Comment 14 Tomas Hudziec 2018-07-16 12:59:36 UTC
Created attachment 1459159 [details]
/var/log/messages

Messages from from valgrind run of gnome-shell.

Comment 15 Tomas Hudziec 2018-07-16 15:29:24 UTC
Created attachment 1459210 [details]
valgrind log file

Log file from
valgrind --log-file=/tmp/shell-%p.log /usr/bin/gnome-shell
in /usr/share/applications/org.gnome.Shell.desktop

Comment 16 Ray Strode [halfline] 2018-07-16 17:26:41 UTC
So your log shows gnome-shell getting killed instead of crashing.  Someone on irc said this to me the other day:

<hedgepigdaniel[m]> Have a look at the three MRs here: https://gitlab.gnome.org/GNOME/dconf/merge_requests
<hedgepigdaniel[m]> if you imagine that subscribing to changed notifications from within JS in gnome-shell can in itself cause changed signals to be emitted, and that all over gnome-shell (and extensions) things are done in response to changed signals... hopefully you can see the issue?
<hedgepigdaniel[m]> The most annoying part is that in my case (and I think many others) the only time its really guaranteed to happen is when you run the shell inside valgrind - in which case the shell never starts at all, it just gets stuck in infinite loops handling false changed signals

So, mind giving those merge requests a shot and seeing if they make valgrind work better?

Task info: https://brewweb.engineering.redhat.com/brew/taskinfo?taskID=17196363

Comment 17 Tomas Hudziec 2018-07-16 18:04:53 UTC
Created attachment 1459232 [details]
valgrind log file with edited dconf package

Have installed edited dconf package and reproduced the issue with valgrind.

Comment 20 Tomas Pelka 2018-07-18 11:10:18 UTC
Just FYI it seems 

 Fix support for external monitor configurations - Resolves: #1585230

introduced the issue as -1 mutter was ok

Comment 21 Tomas Pelka 2018-07-18 14:11:48 UTC
Marking as ALPHA blocker, we should either resolve it or include -1 build to Aplha.

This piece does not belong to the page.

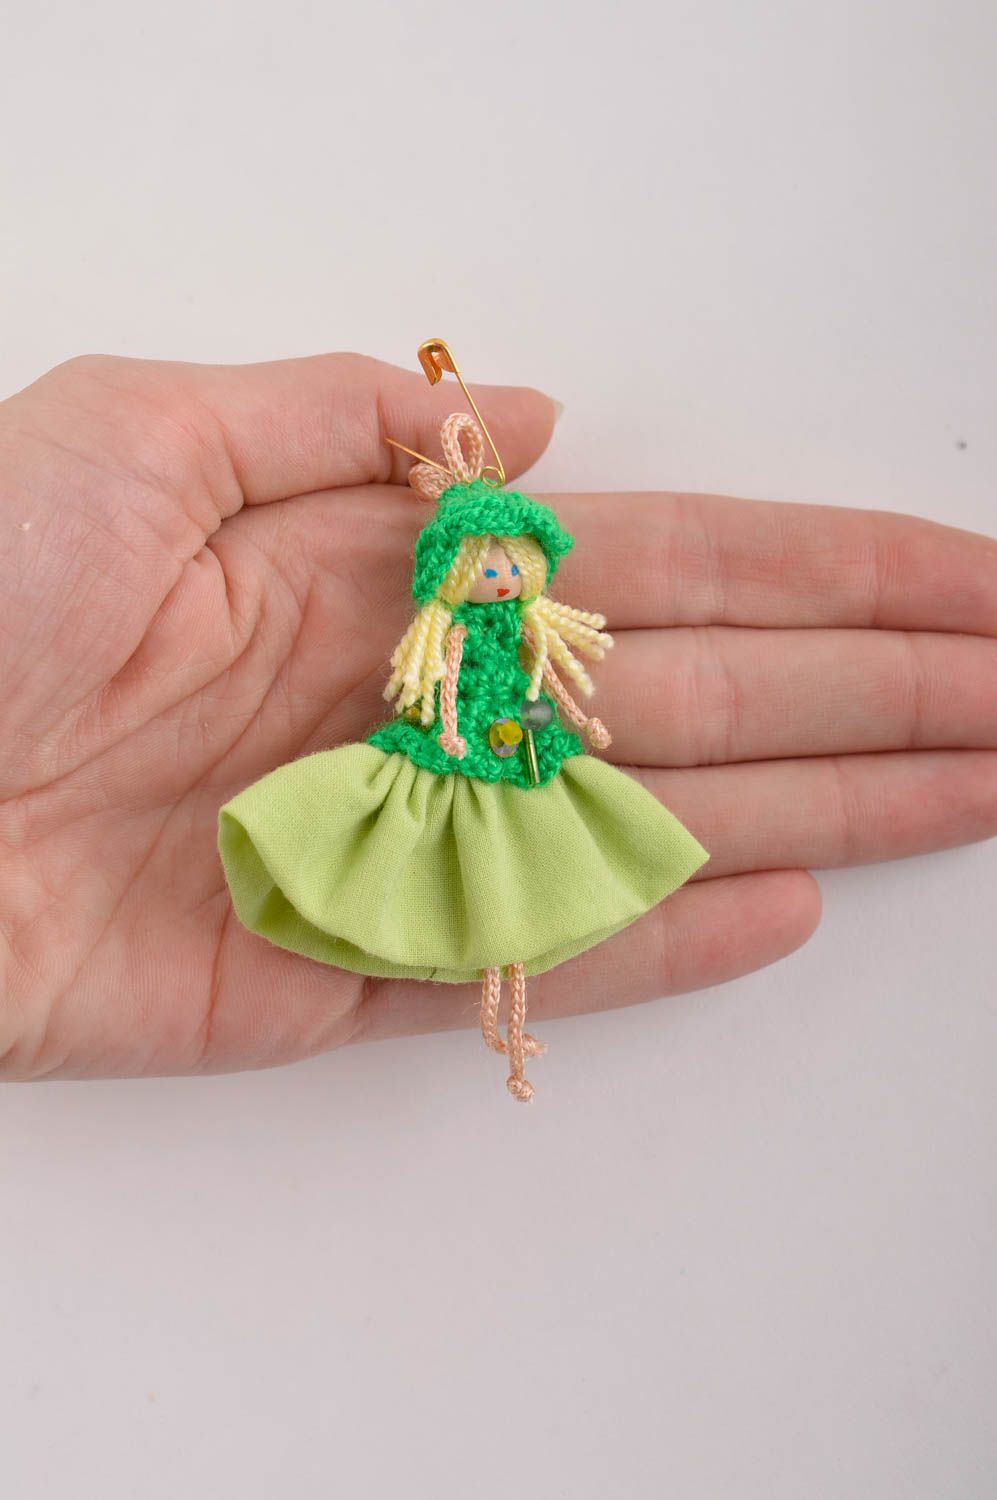 Брошь ручной работы текстильная брошь кукла авторское украшение из хлопка фото 4

Comment 22 Ray Strode [halfline] 2018-07-18 14:18:38 UTC
but the external monitor fix wasn't added until -3 mutter, and comment 0 said the problem happens in -2 mutter

Comment 23 Ray Strode [halfline] 2018-07-18 16:47:42 UTC
so this ended up just being a buildroot issue.  the 7.6 gnome-desktop3 wasn't pushed to the main buildroot and mutter wasn't built against rhel-7.6-gnome  buildroot so gnome-shell ended up mapping two different copies of gnome-desktop library

Comment 25 Ray Strode [halfline] 2018-07-21 00:09:32 UTC
*** Bug 1606655 has been marked as a duplicate of this bug. ***

Comment 26 Tomas Hudziec 2018-07-30 13:09:16 UTC
Does not occur with mutter-3.28.2-4.el7 and higher. Switching to verified.

Comment 28 errata-xmlrpc 2018-10-30 10:26:43 UTC
Since the problem described in this bug report should be
resolved in a recent advisory, it has been closed with a
resolution of ERRATA.

For information on the advisory, and where to find the updated
files, follow the link below.

If the solution does not work for you, open a new bug report.

https://access.redhat.com/errata/RHSA-2018:3140